*What the task requires:* Please transcribe the data exactly, with nothing left out.

──────── Records for this exercise

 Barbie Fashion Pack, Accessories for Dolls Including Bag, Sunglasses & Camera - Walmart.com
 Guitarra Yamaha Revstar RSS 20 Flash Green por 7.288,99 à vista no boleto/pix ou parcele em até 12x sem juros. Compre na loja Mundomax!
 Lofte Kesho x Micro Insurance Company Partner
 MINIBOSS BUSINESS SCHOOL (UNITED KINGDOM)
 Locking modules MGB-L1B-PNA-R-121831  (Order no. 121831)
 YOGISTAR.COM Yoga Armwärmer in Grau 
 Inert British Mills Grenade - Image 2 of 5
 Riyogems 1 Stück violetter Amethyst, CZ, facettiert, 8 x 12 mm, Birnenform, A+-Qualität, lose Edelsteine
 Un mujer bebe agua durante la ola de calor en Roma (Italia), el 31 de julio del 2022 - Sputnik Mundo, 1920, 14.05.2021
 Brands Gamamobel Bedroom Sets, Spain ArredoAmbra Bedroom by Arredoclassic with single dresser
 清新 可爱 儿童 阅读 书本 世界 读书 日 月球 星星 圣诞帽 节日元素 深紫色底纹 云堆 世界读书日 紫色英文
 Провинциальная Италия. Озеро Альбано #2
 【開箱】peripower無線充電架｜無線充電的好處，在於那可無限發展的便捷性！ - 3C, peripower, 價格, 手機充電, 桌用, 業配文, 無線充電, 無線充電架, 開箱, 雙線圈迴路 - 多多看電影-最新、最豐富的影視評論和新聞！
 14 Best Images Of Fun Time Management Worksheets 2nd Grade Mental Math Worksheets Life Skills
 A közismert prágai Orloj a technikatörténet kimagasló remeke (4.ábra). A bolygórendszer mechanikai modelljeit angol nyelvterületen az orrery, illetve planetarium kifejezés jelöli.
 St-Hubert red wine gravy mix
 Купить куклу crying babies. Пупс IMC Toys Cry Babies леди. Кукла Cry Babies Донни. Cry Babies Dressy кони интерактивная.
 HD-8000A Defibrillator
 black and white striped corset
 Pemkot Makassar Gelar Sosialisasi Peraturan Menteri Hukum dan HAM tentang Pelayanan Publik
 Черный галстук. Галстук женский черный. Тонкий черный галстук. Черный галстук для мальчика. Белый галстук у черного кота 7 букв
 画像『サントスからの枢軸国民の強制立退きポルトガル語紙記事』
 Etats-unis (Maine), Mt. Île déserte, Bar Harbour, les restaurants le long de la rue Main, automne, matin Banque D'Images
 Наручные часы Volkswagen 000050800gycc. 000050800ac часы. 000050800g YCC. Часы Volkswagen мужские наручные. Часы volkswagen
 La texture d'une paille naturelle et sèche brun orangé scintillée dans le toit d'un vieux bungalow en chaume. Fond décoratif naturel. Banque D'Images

────────────────

*Answer for this exercise:*
 Barbie Fashion Pack, Accessories for Dolls Including Bag, Sunglasses & Camera - Walmart.com
 Guitarra Yamaha Revstar RSS 20 Flash Green por 7.288,99 à vista no boleto/pix ou parcele em até 12x sem juros. Compre na loja Mundomax!
 Lofte Kesho x Micro Insurance Company Partner
 MINIBOSS BUSINESS SCHOOL (UNITED KINGDOM)
 Locking modules MGB-L1B-PNA-R-121831  (Order no. 121831)
 YOGISTAR.COM Yoga Armwärmer in Grau 
 Inert British Mills Grenade - Image 2 of 5
 Riyogems 1 Stück violetter Amethyst, CZ, facettiert, 8 x 12 mm, Birnenform, A+-Qualität, lose Edelsteine
 Un mujer bebe agua durante la ola de calor en Roma (Italia), el 31 de julio del 2022 - Sputnik Mundo, 1920, 14.05.2021
 Brands Gamamobel Bedroom Sets, Spain ArredoAmbra Bedroom by Arredoclassic with single dresser
 清新 可爱 儿童 阅读 书本 世界 读书 日 月球 星星 圣诞帽 节日元素 深紫色底纹 云堆 世界读书日 紫色英文
 Провинциальная Италия. Озеро Альбано #2
 【開箱】peripower無線充電架｜無線充電的好處，在於那可無限發展的便捷性！ - 3C, peripower, 價格, 手機充電, 桌用, 業配文, 無線充電, 無線充電架, 開箱, 雙線圈迴路 - 多多看電影-最新、最豐富的影視評論和新聞！
 14 Best Images Of Fun Time Management Worksheets 2nd Grade Mental Math Worksheets Life Skills
 A közismert prágai Orloj a technikatörténet kimagasló remeke (4.ábra). A bolygórendszer mechanikai modelljeit angol nyelvterületen az orrery, illetve planetarium kifejezés jelöli.
 St-Hubert red wine gravy mix
 Купить куклу crying babies. Пупс IMC Toys Cry Babies леди. Кукла Cry Babies Донни. Cry Babies Dressy кони интерактивная.
 HD-8000A Defibrillator
 black and white striped corset
 Pemkot Makassar Gelar Sosialisasi Peraturan Menteri Hukum dan HAM tentang Pelayanan Publik
 Черный галстук. Галстук женский черный. Тонкий черный галстук. Черный галстук для мальчика. Белый галстук у черного кота 7 букв
 画像『サントスからの枢軸国民の強制立退きポルトガル語紙記事』
 Etats-unis (Maine), Mt. Île déserte, Bar Harbour, les restaurants le long de la rue Main, automne, matin Banque D'Images
 Наручные часы Volkswagen 000050800gycc. 000050800ac часы. 000050800g YCC. Часы Volkswagen мужские наручные. Часы volkswagen
 La texture d'une paille naturelle et sèche brun orangé scintillée dans le toit d'un vieux bungalow en chaume. Fond décoratif naturel. Banque D'Images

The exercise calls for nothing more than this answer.